Congress president and UPA chairperson Sonia Gandhi drove up to Chatterjee’s sprawling bungalow and greeted him with a bouquet. She spent 10 minutes with the speaker, who following his expulsion from the CPI-M Wednesday is soaking in an abundance of sympathy coming his way from his close and not-so-close friends.

The CPI-M politburo expelled Chatterjee from the party’s primary membership for not giving up the speaker’s post after the Left parties withdrew support to the Congress-led UPA government and deciding to preside over the two-day special session of the trust vote won by the ruling UPA.

Chatterjee does not stand alone at this hour of political crisis that has severed his 40-year association with the CPI-M – the party that helped him to get elected to the Lok Sabha a total of 10 times beginning 1971.

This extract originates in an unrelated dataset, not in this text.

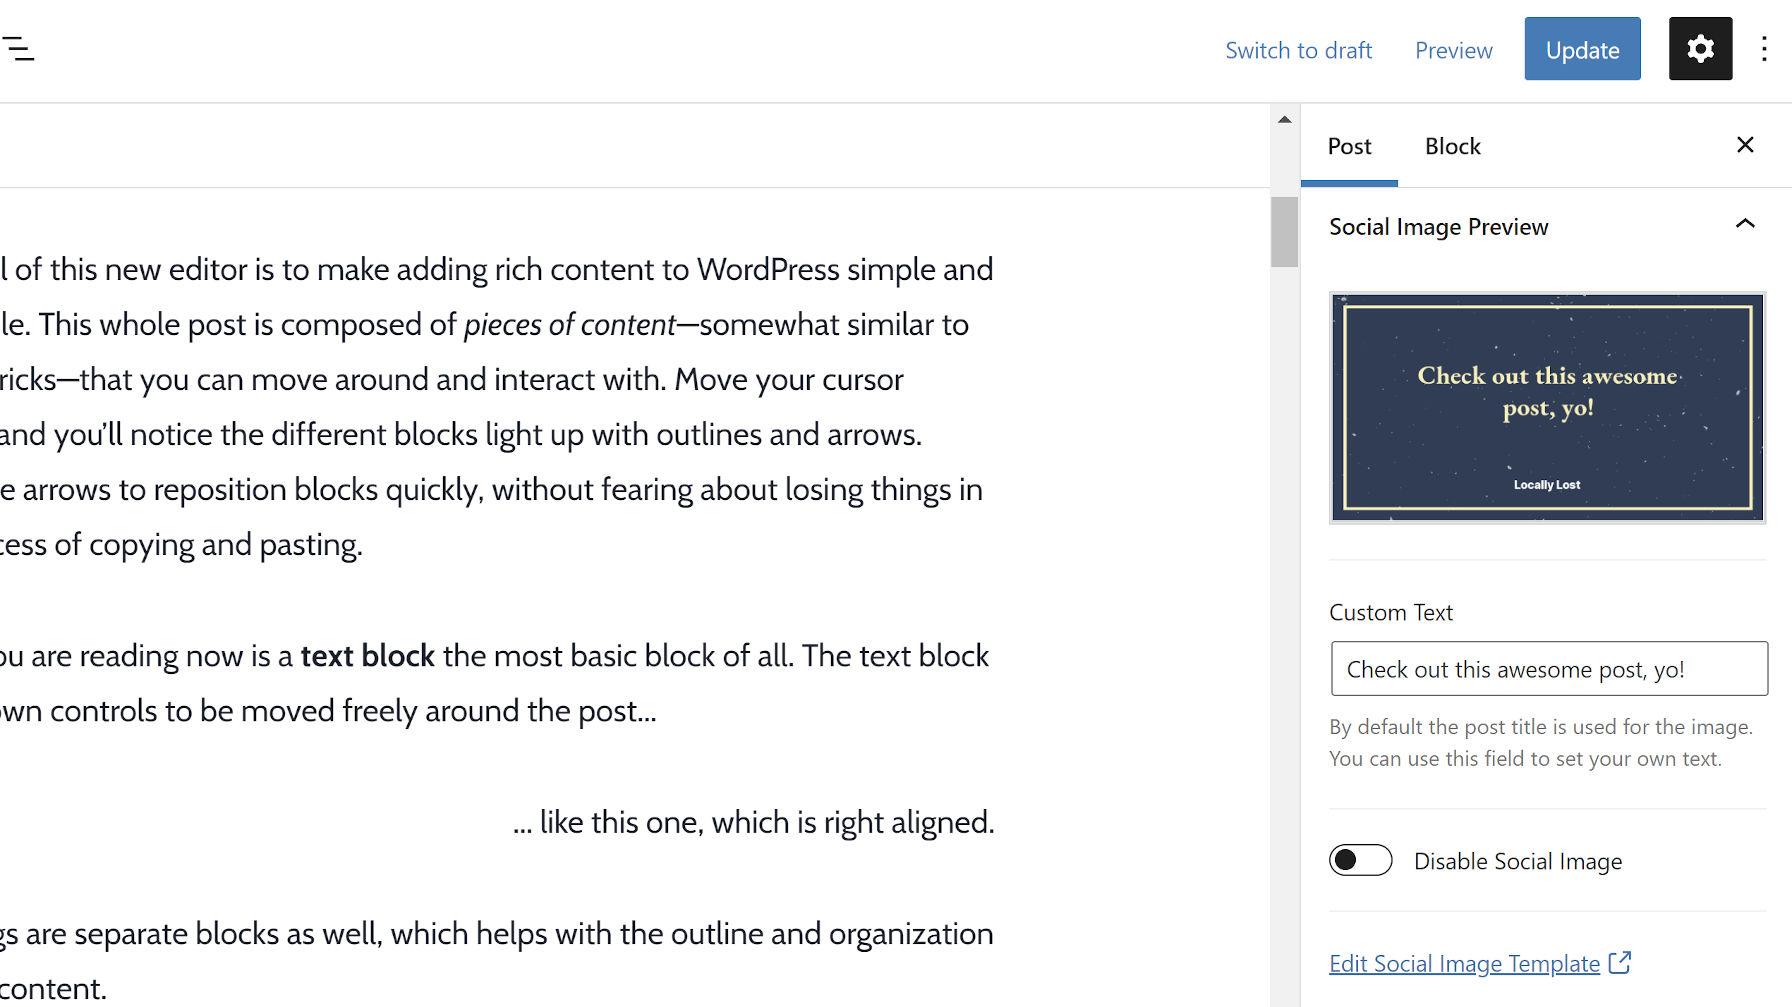 Customizing the social image via a sidebar meta box from the WordPress post editor.

Friday morning Prime Minister Manmohan Singh and President Pratibha Patil sent their officers to the speaker’s residence to greet him. His friends said this was perhaps Chatterjee’s “busiest” birthday in all of his 79 years.

Born in Tezpur in Assam in 1929, Chatterjee was educated first in Kolkata and later in Cambridge and Glasgow universities in England. Chatterjee has lost election only once, to Mamata Bannerjee, in 1984.

There is still a question mark over whether Chatterjee will resign the speaker’s post before the monsoon session of parliament begins in the second week of August. His friends believe the cascading accolades the speaker has received from political parties, across the line, in the aftermath of his expulsion, will keep him in that presiding chair of the Lok Sabha.

But these friends are also quick to point out that Chatterjee from now on will be on “his own” without the prop of a party, which he joined way back in 1968.

Saifuddin Choudhury, a former colleague of Chatterjee in the Lok Sabha, however believes the CPI-M’s absence will work to Chatterjee’s advantage. “The speaker can now do better work without his party restricting him,” Choudhury told IANS.

Choudhury, a former four-time MP from West Bengal, quit the CPI-M in 2000 following differences of opinion about the party’s functioning and its anti-Congress stand.

“I greeted him on his birthday this morning and told him to move towards greater victories,” Choudhury told IANS.

In a sense Chatterjee’s career, even his most optimistic friends and sympathizers concede, will move along a different trajectory from now on.

The veteran MP, they stress, was in any case not keen on contesting the 2009 Lok Sabha elections, especially in view of the fact that Bolpur, his electoral turf, has been declared a reserved constituency following the restructuring of parliamentary constituencies.